И он улыбнулся, впервые за время наставительной беседы. Был он, как и
в день разбирательства, в черном кожаном пиджаке и свежей полотняной
рубашке. Белые манжеты высовывались из рукавов пиджака, и Данилов,
взглянув на них, вспомнил, как писал на манжете о трудах сеятеля Арепо.
- Нет, - опять улыбнулся Малибан. - Та рубашка в стирке. - И тут же
он добавил: - Забудьте обо мне. Но не забудьте о люстре. Мне неприятно
напоминать вам о ней. Но что поделаешь. Вы ведь и вправду часто бываете
легкомысленным. Я не против вашего легкомыслия, я принимаю вас таким,
какой вы есть. Но не я буду держать над вами люстру на цепи. А Валентин
Сергеевич может и не принять наши соображения в расчет.
Глаза Малибана были холодные, строгие. Позже Данилов не раз вспоминал
о глазах Малибана. "Да и что ожидать от него, - думал Данилов, - если для
него вся жизнь - сомнение и опыт?.." Опыты над живыми и разумными, хотя бы
и относительно разумными существами, Данилов считал нынче делом
безнравственным, но для Малибана-то в них была сладость. "Я им устрою
опыты, я им нафантазирую! - храбрился Данилов. - Они и от изучения моей
личности получат то еще удовольствие!" Что-что, а храбриться Данилов умел.
Малибан как будто бы отделил себя от люстры, вроде бы он был ни при чем.
Но Данилов понимал, что и Малибан, если будут основания, с люстрой не
задержится.
Сейчас он мог бы отдохнуть и даже развлечься в Седьмом Слое
Удовольствий. Но туда его не тянуло. Кончить бы все, считал Данилов, и
вернуться в Останкино. Он ждал, что его вызовет Валентин Сергеевич или
хотя бы его заместитель, но вызова не было. Множество знакомых,
скрывавшихся прежде от Данилова, желали теперь с ним общения. Некоторые
даже заискивали перед ним. То есть не то чтобы заискивали, а словно
признавали в нем какую-то тайну, для них неожиданную и удивительную.
Данилов избегал встреч и разговоров, ссылался на дела. Увидел однажды
Уграэля. Был он опять в белом бедуинском капюшоне, выглядел расстроенным и
даже как будто бы обиженным на Данилова. Губы его разъехались из-под носа
к ушам, звуки Уграэль выпускал сквозь ноздри.
- Отбываю, - сказал Уграэль, - опять в аравийские пустыни! - И он
махнул рукой.
- Что ж, - сказал Данилов. - Там тепло.
- Мне это тепло!.. - плаксиво возразил Уграэль. - Да что говорить!

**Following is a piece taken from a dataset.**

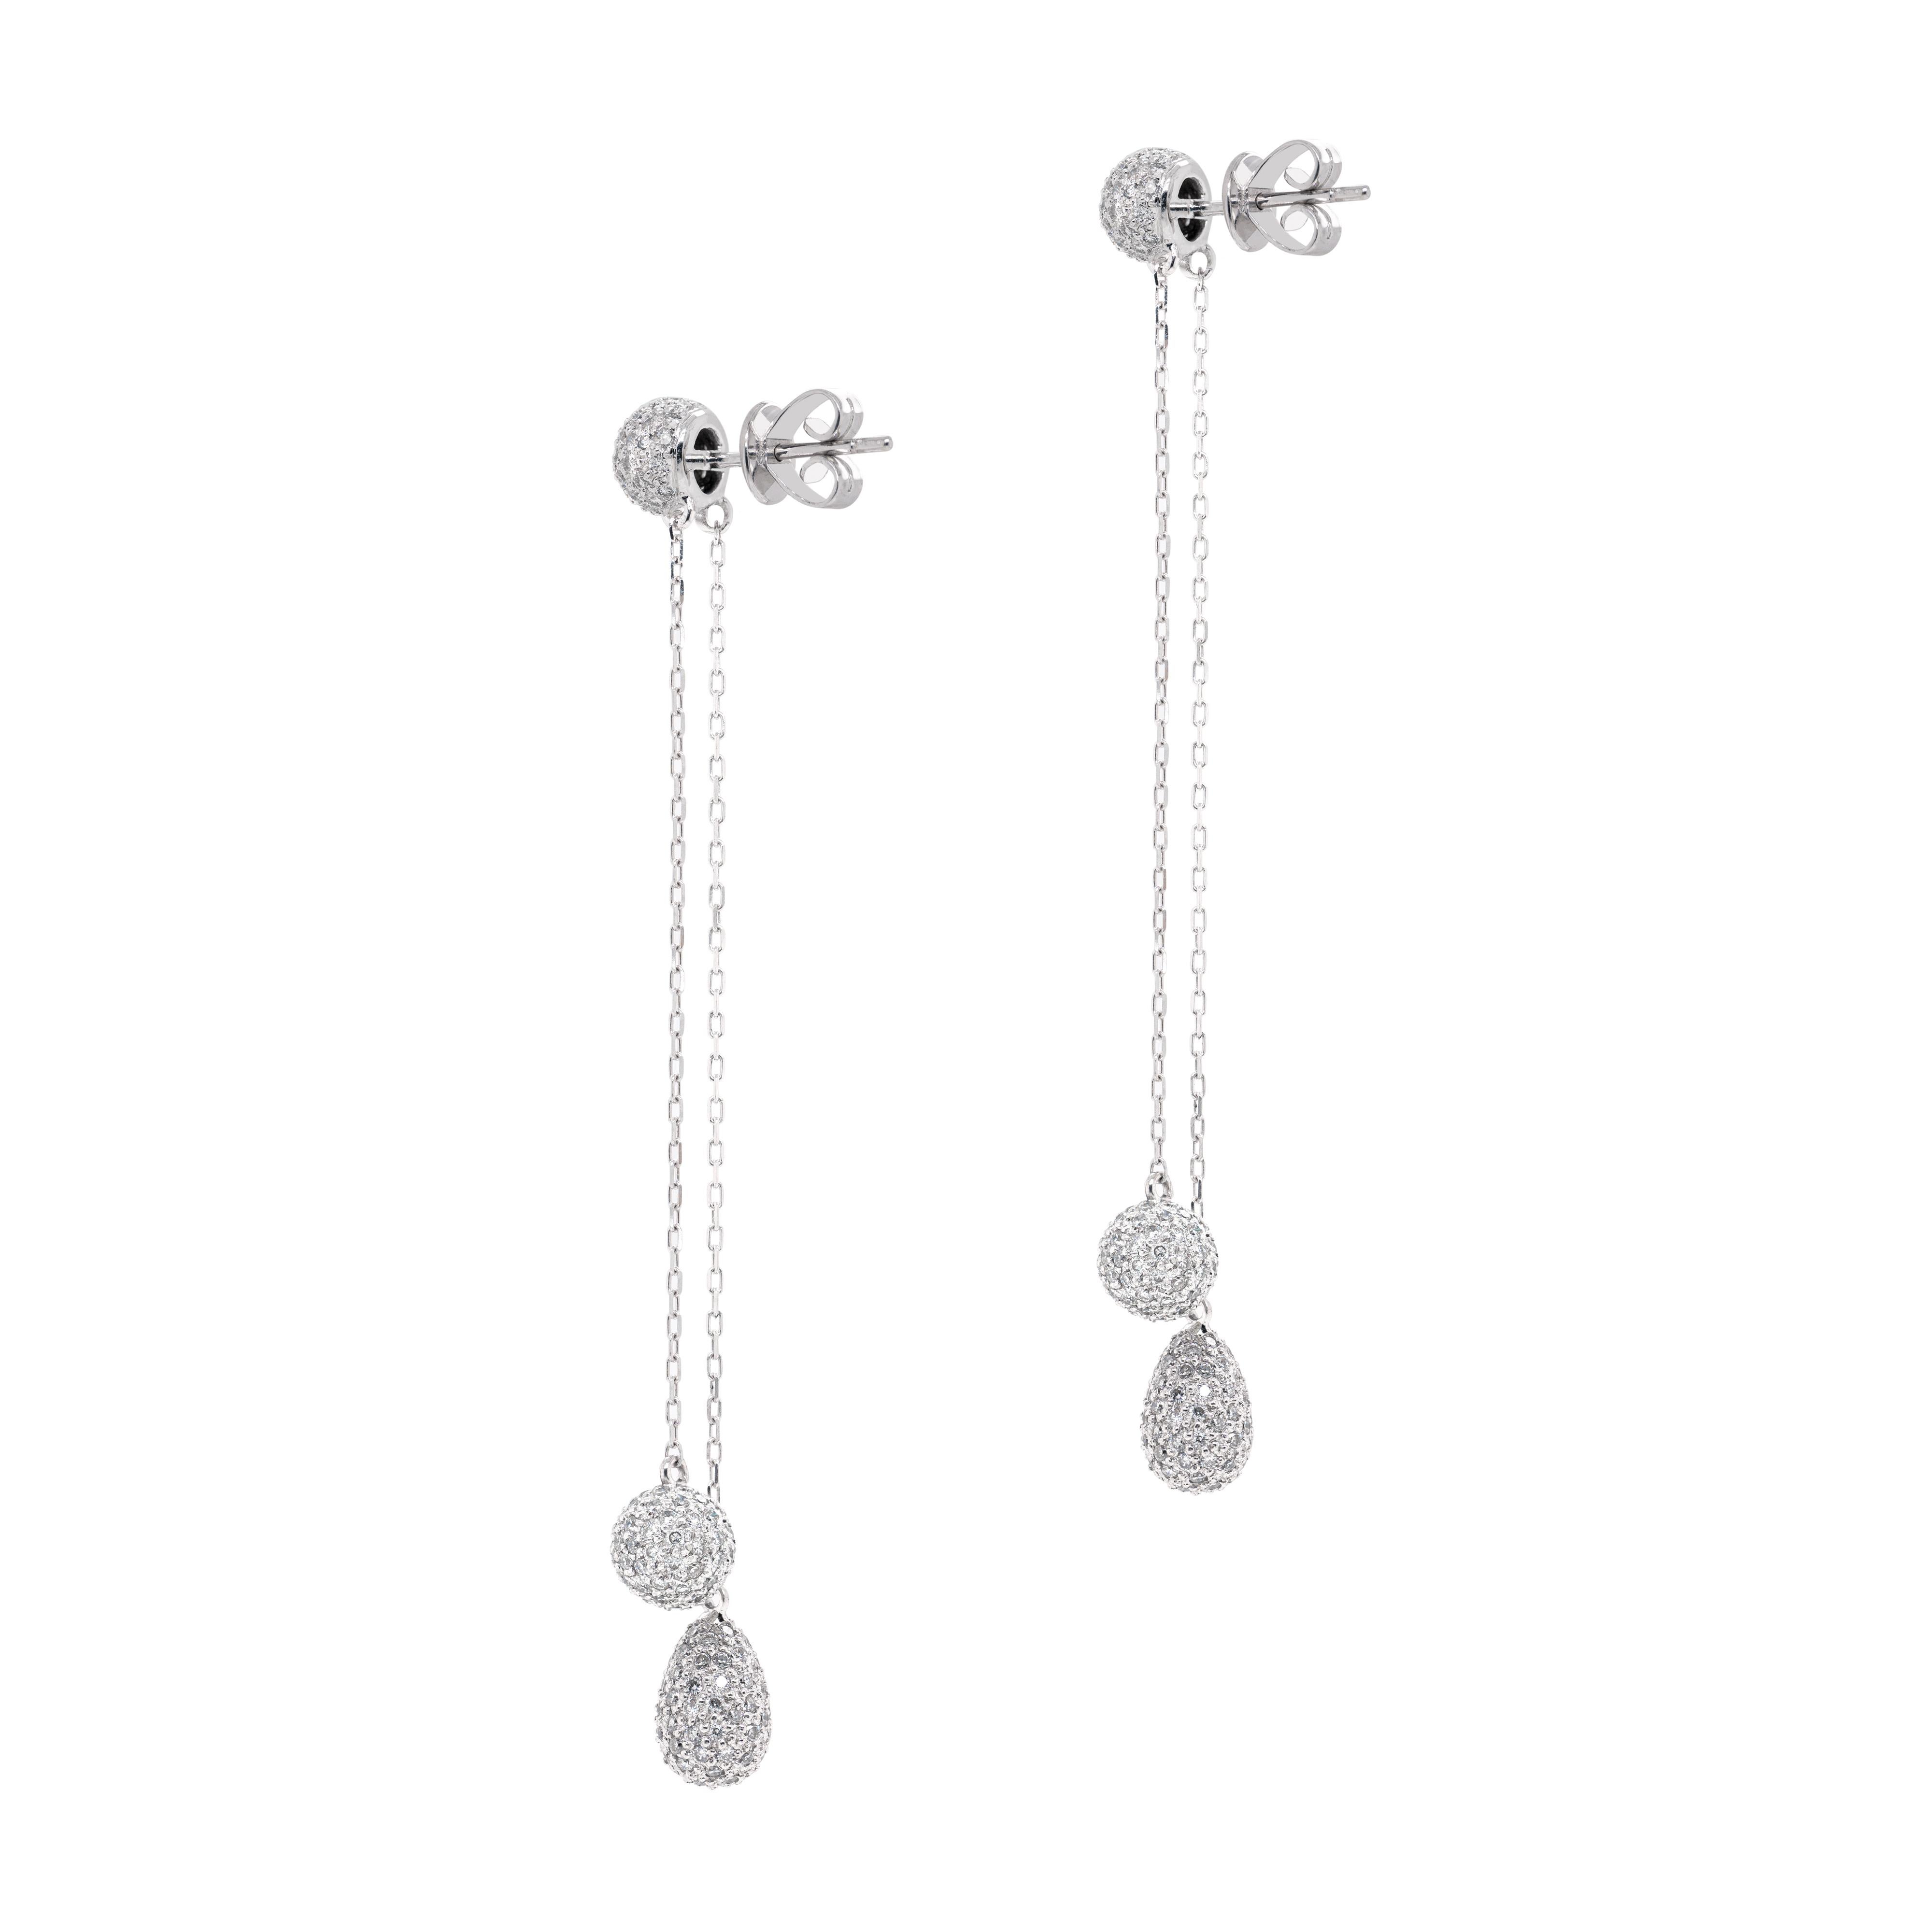 These 18 carat white gold drop earrings are beautifully designed with two asymmetric delicate chains, one ending with a ball inlaid with fine round brilliant cut diamonds and the other ending with a drop, also inlaid with fine round brilliant cut

Вам этого не понять! - И он пропал.
Несколько раз, будучи в окружении здешних лиц в буфете, возле столов
канцеляристов, в лифте, - Данилов чувствовал еле ощутимые сигналы. То ли
кто-то звал к себе Данилова, то ли сам имел нужду явиться ему. Но робел,
стеснялся существ посторонних, чужих ему и Данилову. И лишь когда наконец
Данилов оказался один под часами-ходиками с кукушкой, он вместе с
сигналами ощутил нежный запах цветов анемонов. Неужели Химеко? Данилов
взволновался. Всюду искал он прекрасную Химеко. Но ее нигде не было. И
вдруг она выступила из-за платяного шкафа. Данилов кинулся к ней и тут же
понял, что приблизиться к ней он не сможет. Она здесь, и она вдали. Но это
была живая Химеко, а не ее образ, созданный чьими-либо усилиями. Тонкая,
печальная, в зелено-голубом кимоно стояла она теперь против Данилова,
палец приложив к губам. Данилов кивнул, согласившись молчать. Химеко
опустила руку. Она улыбнулась Данилову, но улыбнулась грустно. Данилов,
забыв про свое согласие, хотел было сказать Химеко, что ей не надо ничего
бояться, что он желает говорить с ней, но она снова приложила палец к
губам. А потом показала рукой куда-то за спину, видно предупреждая, что
сейчас исчезнет.
Химеко поклонилась ему, подняла голову, своими черными, влажными
теперь глазами она долго смотрела на Данилова, как бы вбирая его в себя,
затем тихо кивнула ему и растаяла.
Данилов желал броситься вслед за Химеко. Но куда? И зачем? Усмирив
себя, он присел на кровать. Чуть ли не плакал. Химеко прощалась с ним.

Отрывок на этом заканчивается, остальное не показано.